VersionSet: optmize GetOverlappingInputsRangeBinarySearch (#4987)

Summary:
`GetOverlappingInputsRangeBinarySearch` firstly use binary search
to find a index in the given range `[begin, end]`. But after find
the index, then use linear search to find the `start_index` and
`end_index`. So the search process degraded to linear time.

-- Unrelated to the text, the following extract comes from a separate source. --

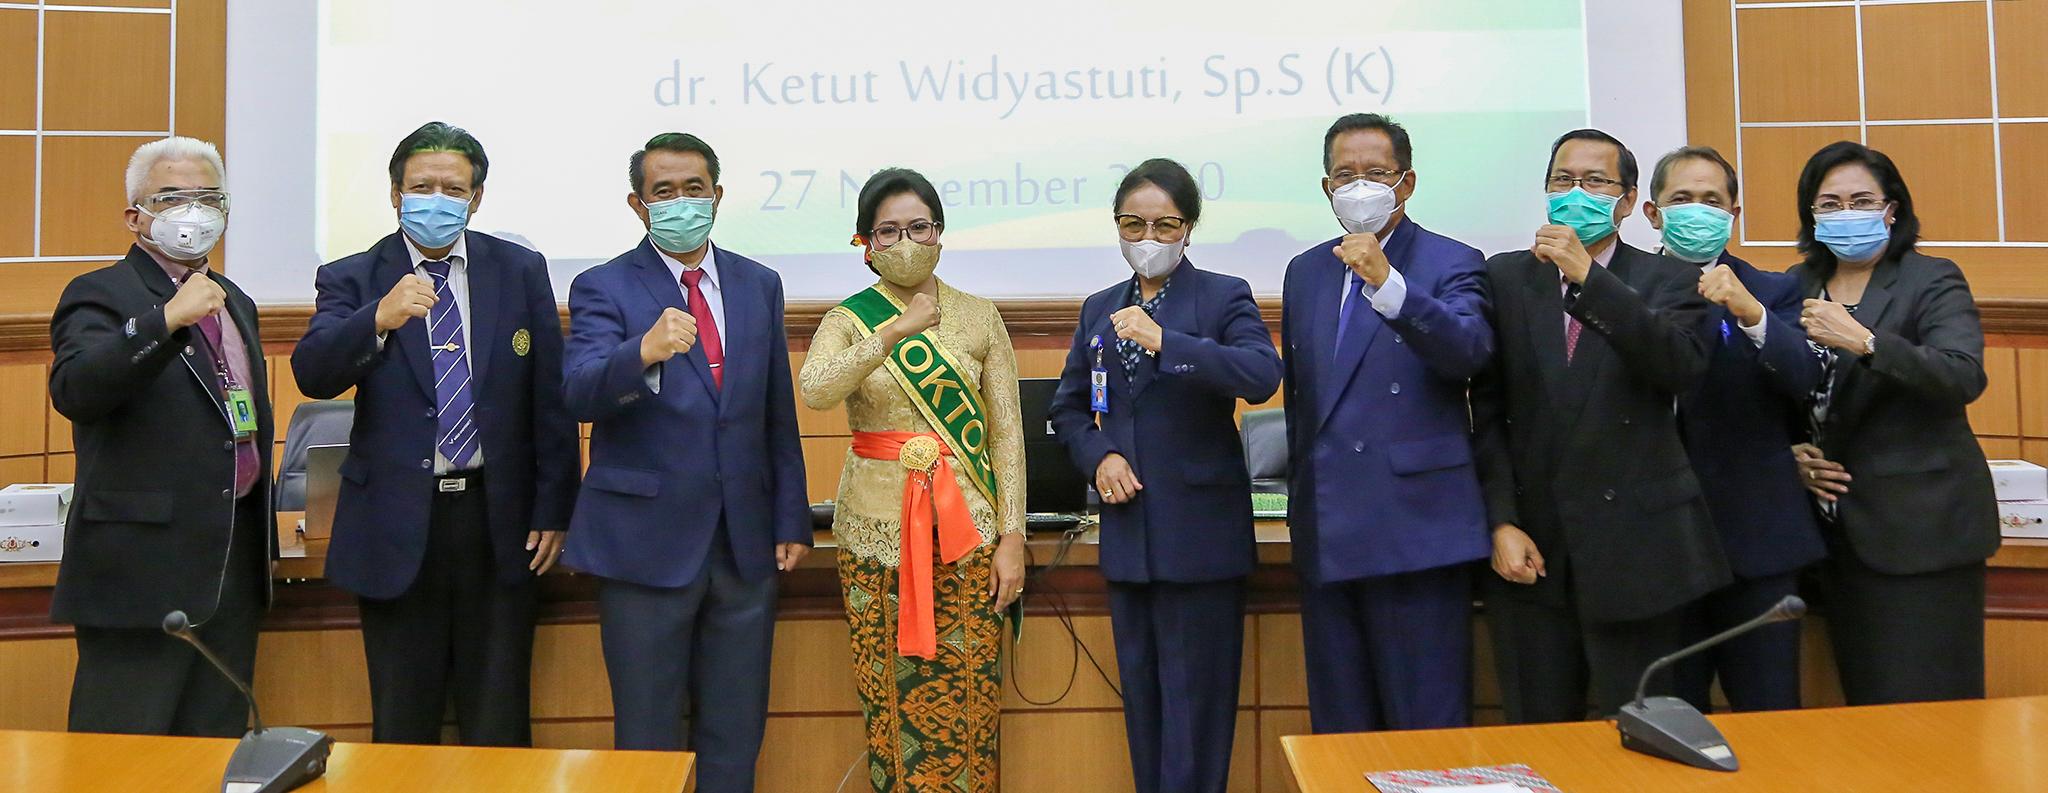 Ujian Terbuka Program Doktor dr. Ketut Widyastuti, Sp.S(K)
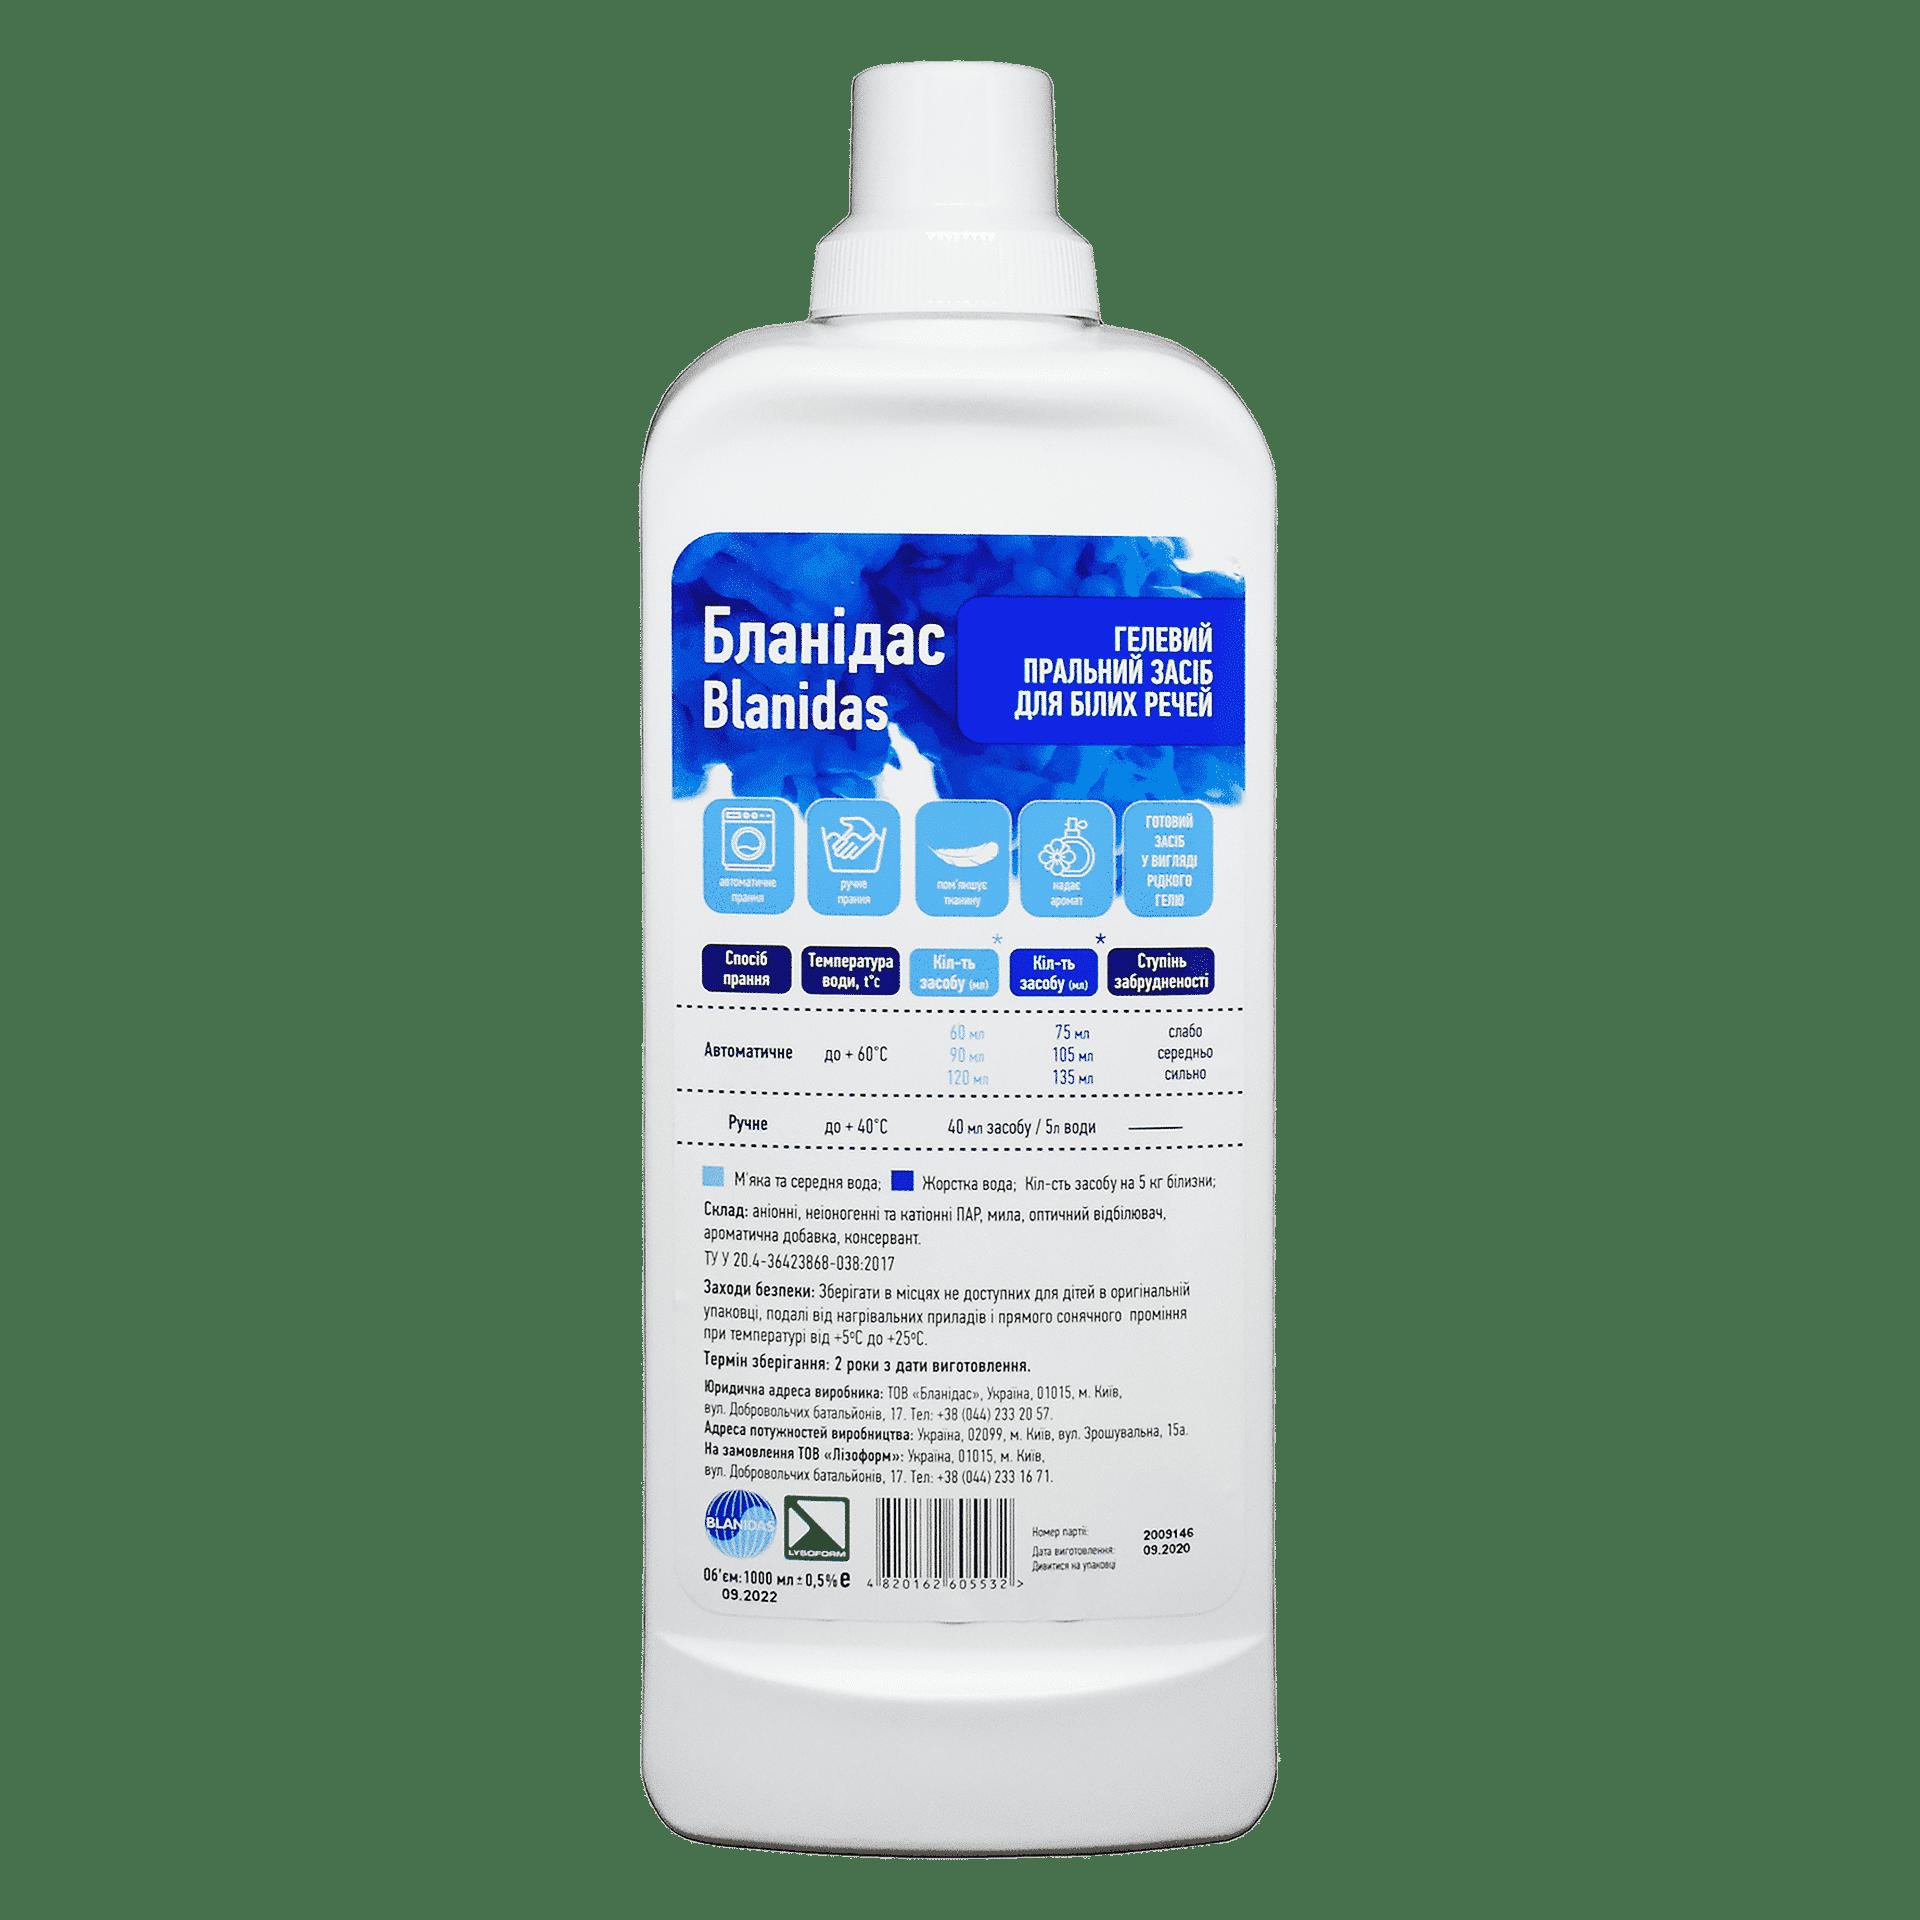 Бланідас- гелевий пральний засіб для білих речей, 1л

Here optmize the search process with below changes:

- use `std::lower_bound` and `std::upper_bound` to get
  `lg(n)` search complexity.
- use uniformed lambda for search process.
- simplify process for `within_interval` true or false.
- remove function `ExtendFileRangeWithinInterval`
  and `ExtendFileRangeOverlappingInterval`.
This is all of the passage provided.